◆ **PROBLEM**: Return exactly those lines of the material that fall between the line with "Armchair size cm. H.72X70X50" and the final line, both included.

◆ **COLLECTED MATERIAL**:
Content starts

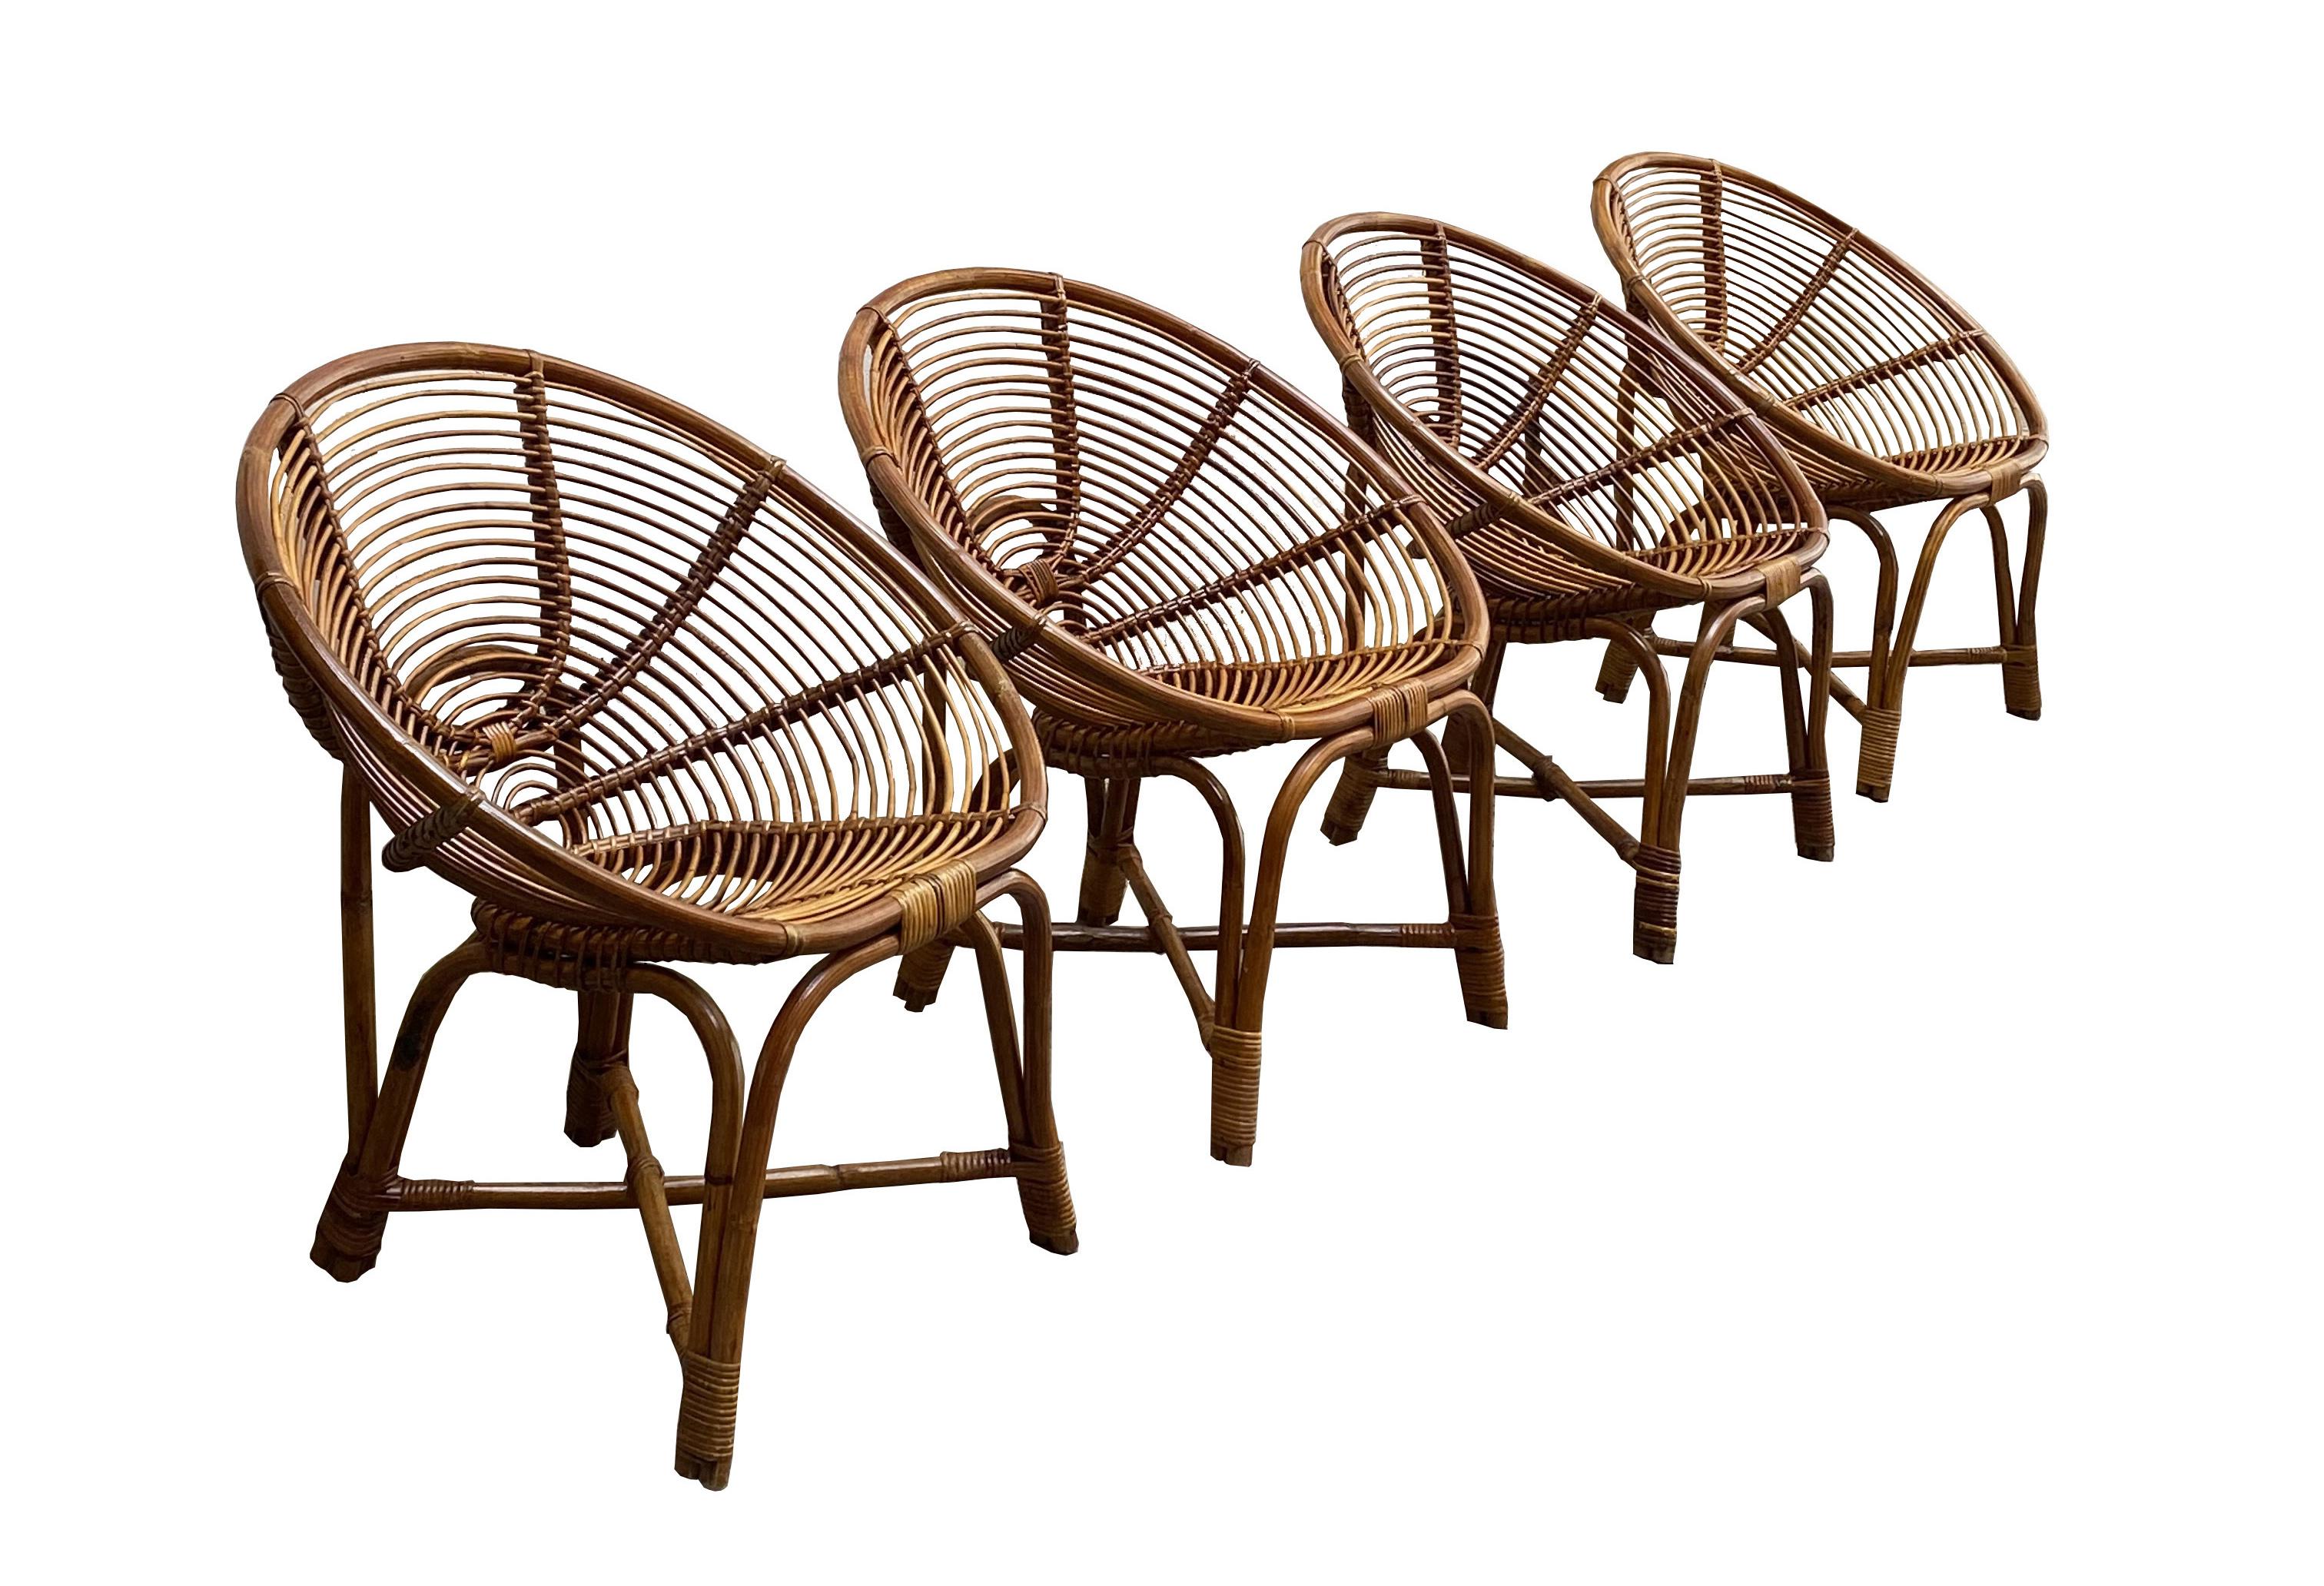 Set of 4 armchairs made of cane and bamboo and a round coffee table with cane and bamboo frame and glass top. Italian production 1960
Armchair size cm. H.72X70X50
Coffee table size cm.. H.50X67X67

Content ends

◆ **ANSWER TO THIS TASK**:
Armchair size cm. H.72X70X50
Coffee table size cm.. H.50X67X67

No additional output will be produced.